What is needed
Set down exactly the lines below between the line holding "Una ballerina femminile" and the line holding "HAREKUTANI Porcelain Sakura Plate Asanoha", inclusive; no other line belongs in the answer.

Data provided
────
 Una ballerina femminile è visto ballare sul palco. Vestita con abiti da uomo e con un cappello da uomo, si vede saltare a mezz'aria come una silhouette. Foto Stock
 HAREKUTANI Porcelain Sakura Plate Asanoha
────
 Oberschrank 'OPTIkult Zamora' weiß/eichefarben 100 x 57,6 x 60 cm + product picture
────
Solution to this problem
 Una ballerina femminile è visto ballare sul palco. Vestita con abiti da uomo e con un cappello da uomo, si vede saltare a mezz'aria come una silhouette. Foto Stock
 HAREKUTANI Porcelain Sakura Plate Asanoha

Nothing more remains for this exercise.